May 30 - inside the Derry city walls, lots of shops, homes, and hidden courtyards and passages. Although enclosed by this medieval structure, the city inside the walls is active and vibrant.


 

 

May 31 -  Ulster American Folk Park …. on the route from Derry back to Belfast, we stopped for several hours in Omagh to see this wonderful folk park.  . This museum both re-creates a 19th century Tyrone Village, and it also has the Mellon Centre for migration studies. The park is an open-air museum that explores the journey made by the Irish (specifically those from Ulster) to America during the 1800s. 

During the famine, when the potato crop failed, 50% of the population died in one generation.  Those who could, immigrated. 



    With more than 30 exhibit buildings to explore, the museum tells the story of three centuries of Irish emigration. Using costumed guides and displays of traditional crafts, the museum focuses on those who left Ulster for America in the 18th, 19th and 20th centuries. The museum is part of  National Museums Northern Ireland.   

In the entrance building before going into the open-air museum, the”Bad Bridget” exhibition told the stories of thousands of women who left Ireland for North America between 1838 and 1918, many of whom found themselves in trouble and struggling to survive.  Very touching and heart breaking as well.  (This may be a temporary exhibition… check with https://www.ulsteramericanfolkpark.org/ to see what’s on when you go.

 


The demonstrations that take place showcase the day-to-day tasks and skills of those who lived in the era such as blacksmithing, candle-dipping, embroidery, spinning, printing and open hearth cooking.


 We learned that there are not too many windows in these single room houses that date from the 1790’s.  The reason was what was referred to as the “daylight robbery tax” -  taxes imposed according to the number of windows you have in a house.  In such a house as this, between 2-14 people would live.  Turf (peat) would burn in the fireplace. 

 




     Old World   The Old World region includes whole streets of original houses, an original printing press, a bank, an old police barracks, the old Castletown National School, and two churches.
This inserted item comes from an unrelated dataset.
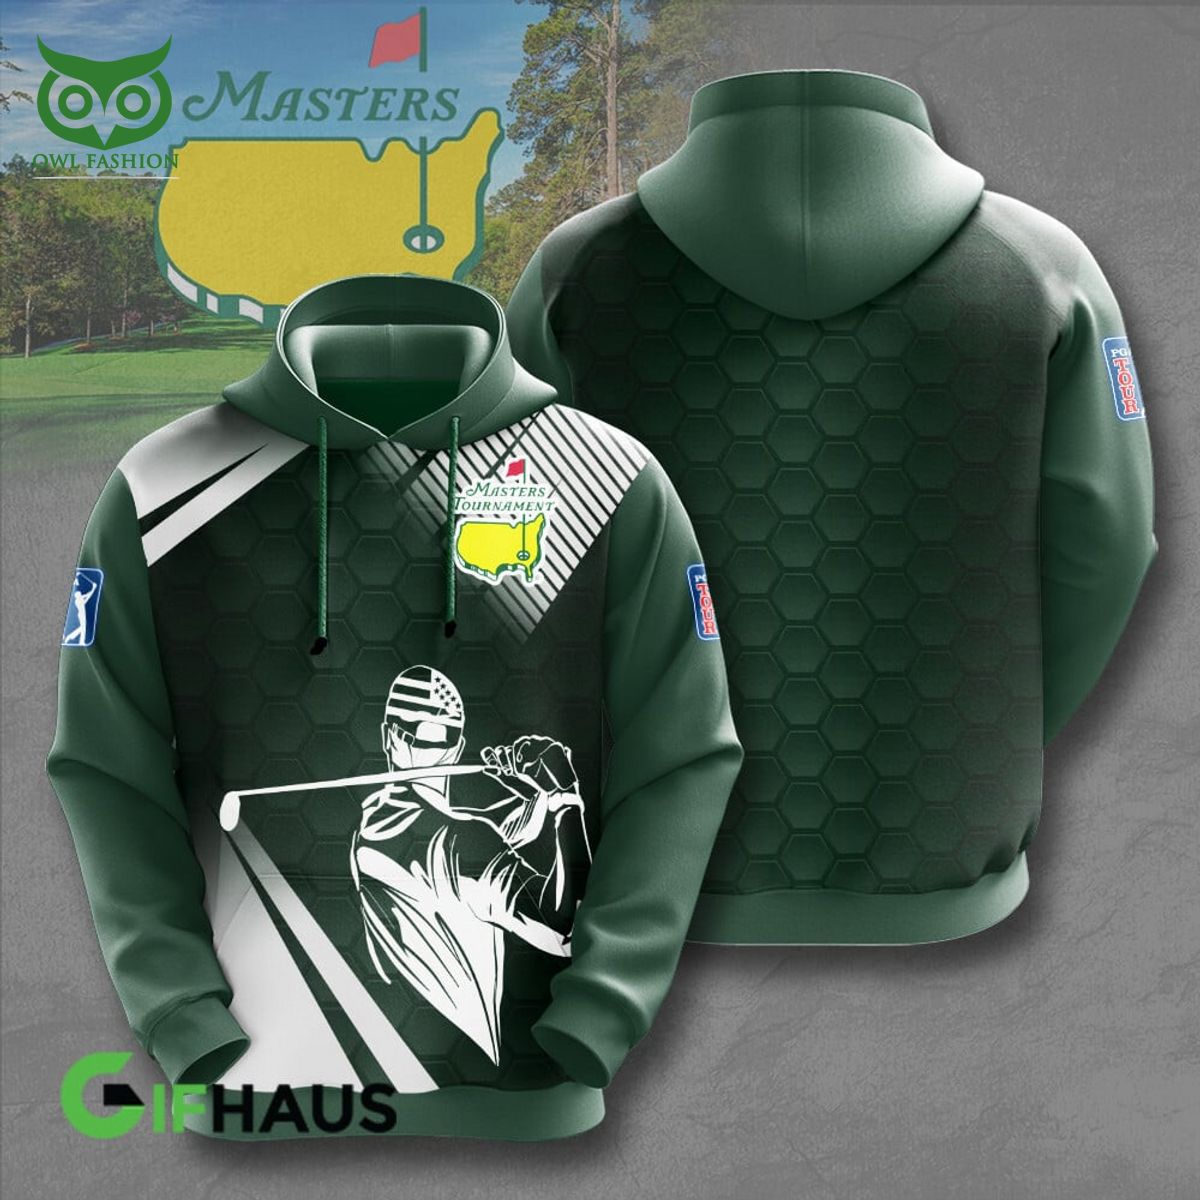 ping golf master tournament 3d polo hoodie longsleeves 1 AW4rA
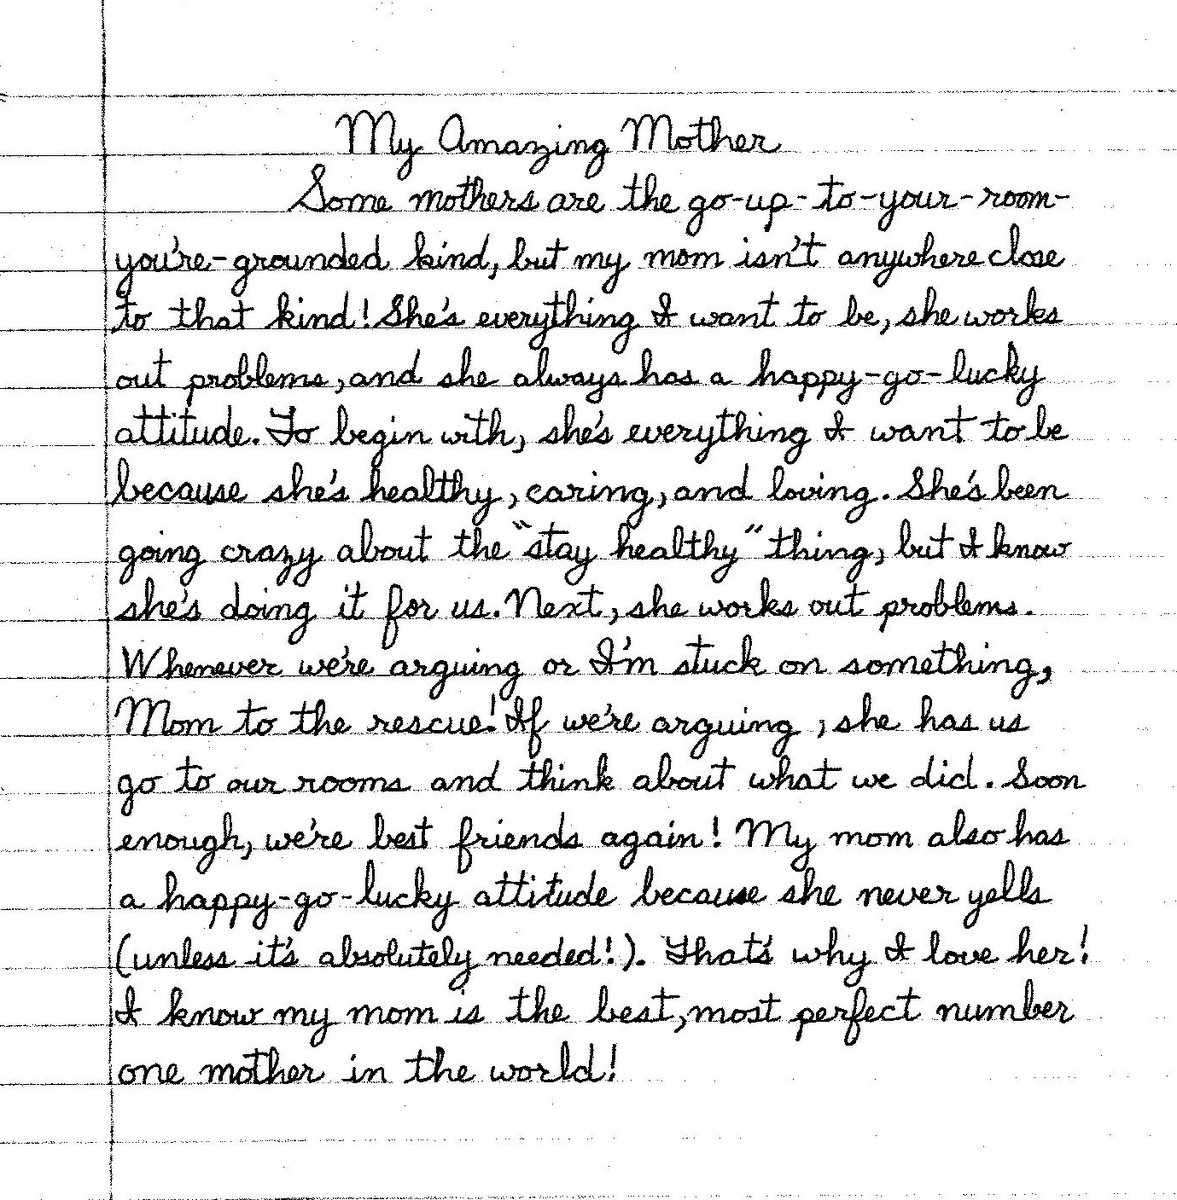 Student Essay #5: My Mother

Central to this region is the boyhood home of Thomas Mellon, judge and founder of the Pittsburgh banking dynasty.   Some of the two-up, two-down houses in one of the reconstructed streets in the park were transported, in their entirety, from Sandy Row, off the Donegall Road in Belfast, and other buildings have been transported from elsewhere in the province.



New World Linking the Old and New World sections of the park is the Ship and Dockside gallery, which includes the Brig Union, a full-size replica of an immigrant sailing ship.  Docents in the ship explained at non-privileged passengers slept 4 to a berth. 




 

Other more privileged passengers had a bit more room…

 

 


The historic atmosphere of this park continues in the New World area, which features a recreated old American street with original interiors of stores…. And a reminder that the forebears of the Mellon Bank family were part of the great immigrant story.

 


 

June 1 - it’s been great traveling in Northern Ireland with my sister-in-law, Kimbro Keck, and her husband Michael Gray. We had a wonderful final evening at the Fitzwilliam hotel in Belfast. Kimbro and Michael headed in their trusty station wagon to catch the car ferry back to Scotland, with a long drive back to London from there. We saw an astounding variety of landscape, wonderful castles and buildings, and learned a lot about Iron Age, medieval, and current Northern Ireland history. In the background as they depart our hotel you can see the Assembly Building, built in 1905 in the Gothic style, and opened by the Duke of Argyll. It is dominated by a 130-foot high clock tower, which contains Belfast's only peal of 12 bells. It is home to the General Assembly of the Presbyterian Church in Ireland.



 June 1 - Pippi and I are on the train from Belfast to Dublin, looking forward to a few wind-down days before we leave Ireland.